Covid 19 has hastened the adoption of online commerce. Growth and reach of platforms like Amazon and Flipkart and adoption and maturity of digital marketing and communication has lowered the barriers to entry for smaller and startup consumer brands. Such companies are now able to launch differentiated products across an entire range of categories (existing and emerging) with focused yet limited communication budgets to create brands and reach consumers directly (D2C). Outsourced production and go to market allow these new companies to choose their battle grounds and rapidly scale with success. These D2C brands are attempting to enter large existing and niche categories with differentiated products to take advantage of the evolving consumer preferences.

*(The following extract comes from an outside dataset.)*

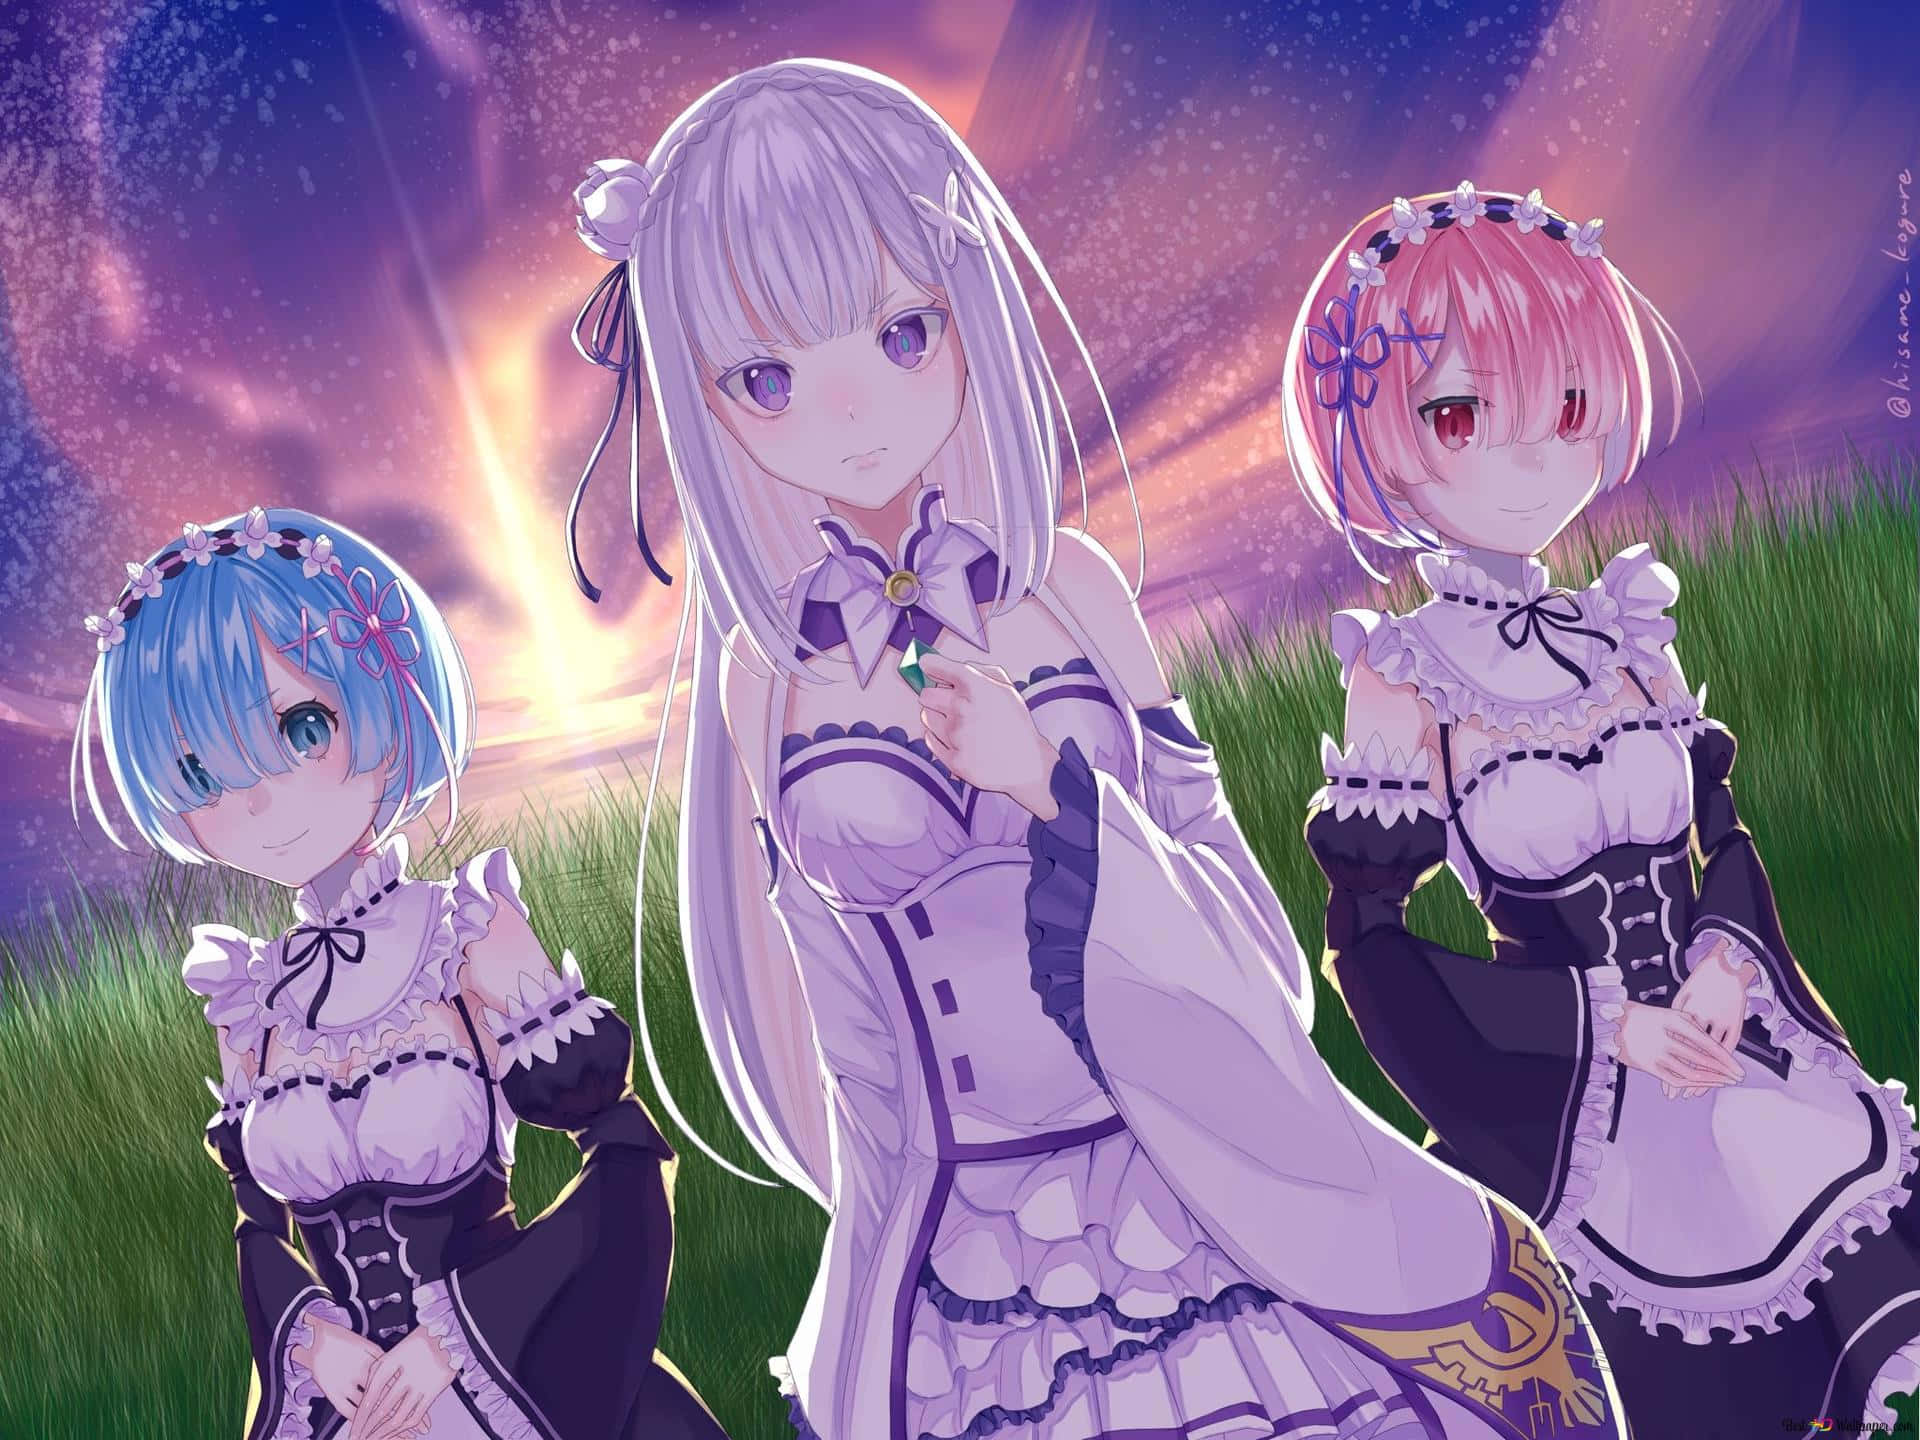 Three Anime Girls Standing In A Field With A Starry Sky Wallpaper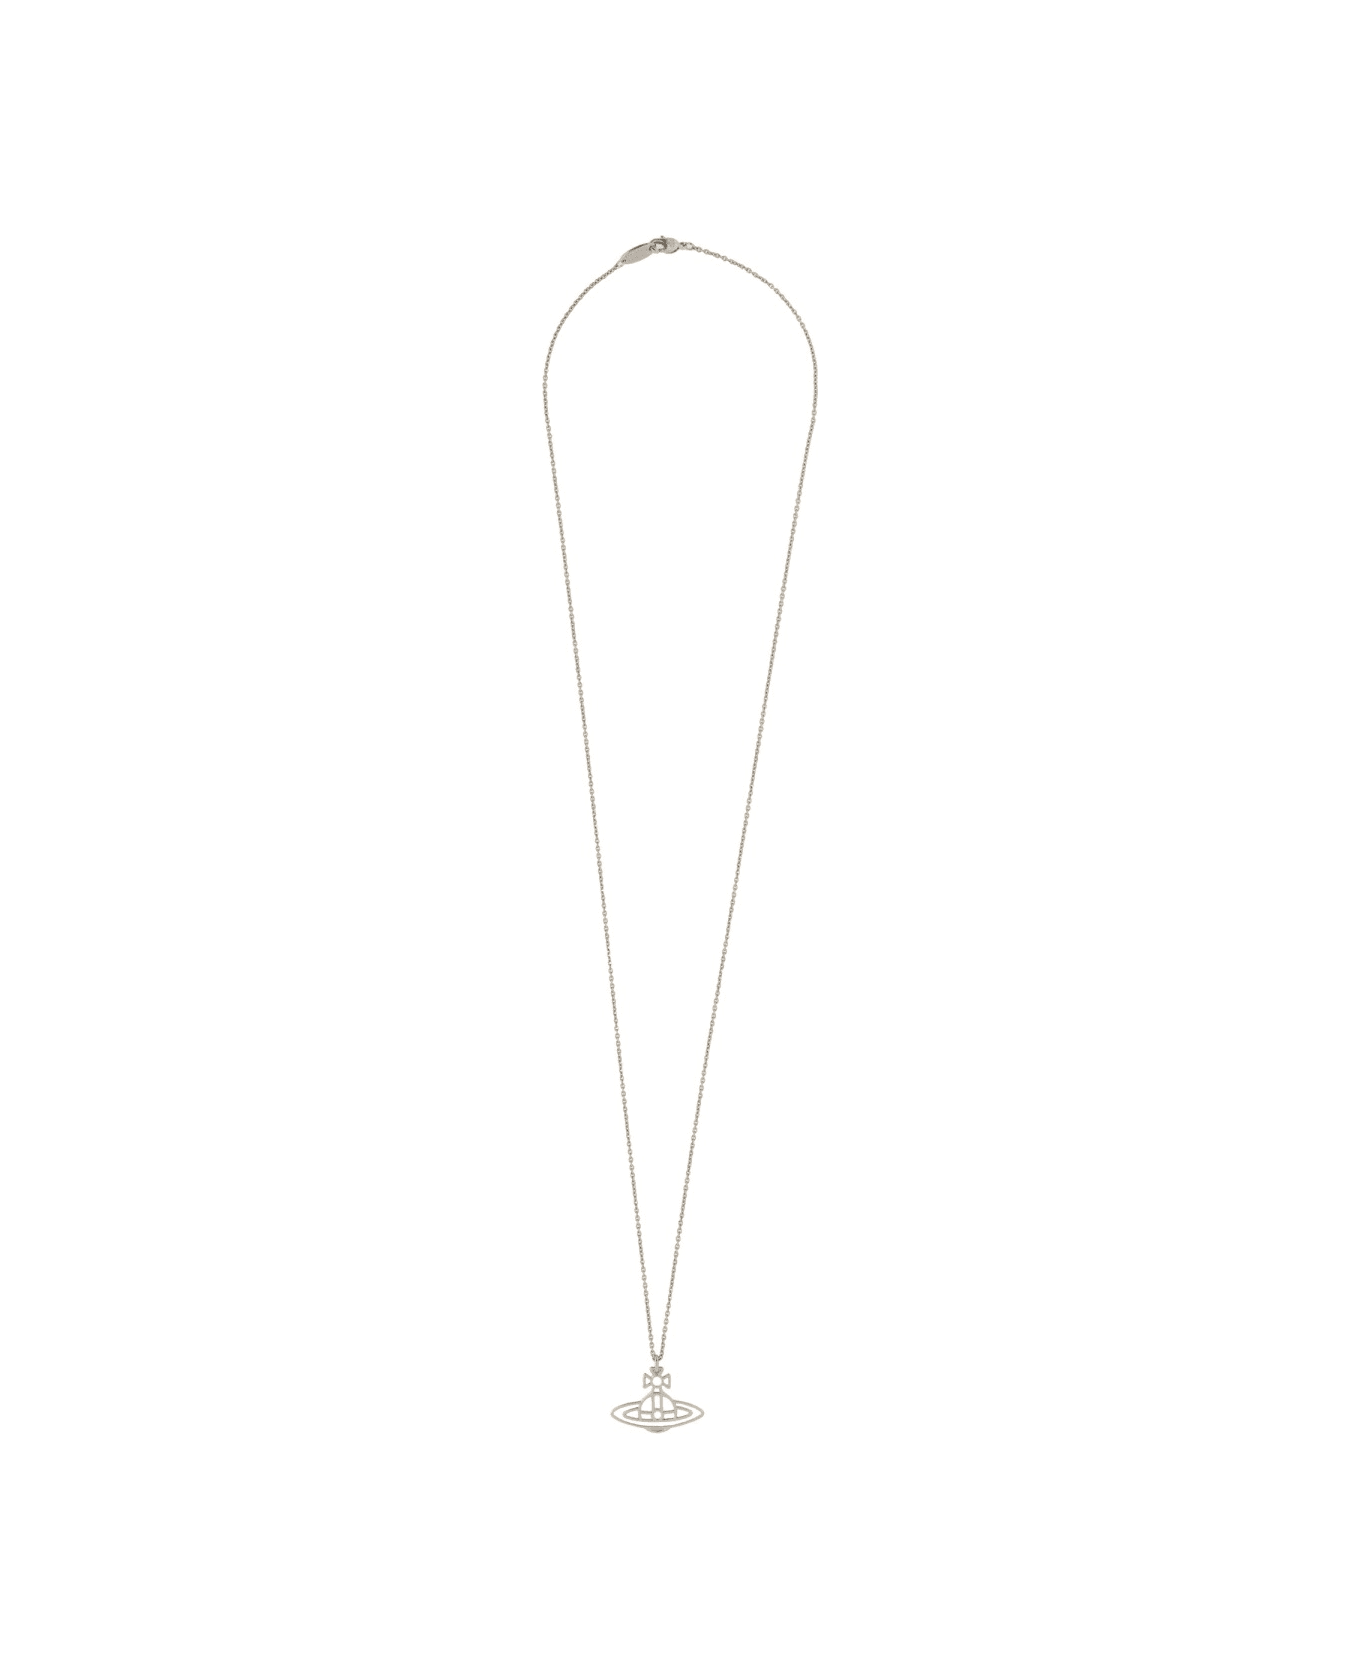 Vivienne Westwood Thin Necklace With Orb Pendant - SILVER

Marico is attempting to leverage on these changes taking place and build an additional growth engine by entering new categories through a combination of in-house and acquired brands. We read Marico’s D2C strategy as serving the dual purpose of defending its core franchise as well as enabling it to expand its addressable market with new products. The company acquired “Beardo”, a male grooming brand a few years ago. In addition, it has launched its own D2C brands “Pure Sense” and “Coco Soul” and very recently acquired a majority ownership in a beauty care brand “Just Herbs”. Marico, through these initiatives will enter large personal care categories such as skin and hair care. As an example, an Indian herb-based shampoo/skin cream helps them set the ground differently vs. launching a shampoo with limited product differentiation and equity. If Marico scales these brands over 5 years to about 5%+ of overall revenues, this would add 2-3% to its expected growth rate.
We think Marico is very well placed to take advantage of the ongoing changes and disruption in the consumer landscape. The strength of its core brands along with the cash flow it generates, permits Marico to experiment and try to build in adjacent emerging categories. We expect the company to compound revenues at low to mid-teens and profits a little ahead. However, profit growth could accelerate in the medium-term as newer engines of the group viz. foods and D2C brands gain size and contribute meaningfully to overall revenues. We remain believers in the management capability and the execution of Marico.
Market & Performance Update
For the 1st Half of FY22 (April 2021 to September 2021), the QRC Long Term Opportunities Portfolio (LTOP) was up 32.5%. Our 1-year return for the period October 2020 to September 2021 period is 65.3%. Stock markets continued their broad-based rally during the last quarter driven by improving economic data and an encouraging commentary from companies on an improving demand scenario post the second wave of Covid. Signs of normalization and the continued interest from domestic and foreign investors has kept the equity markets well supported.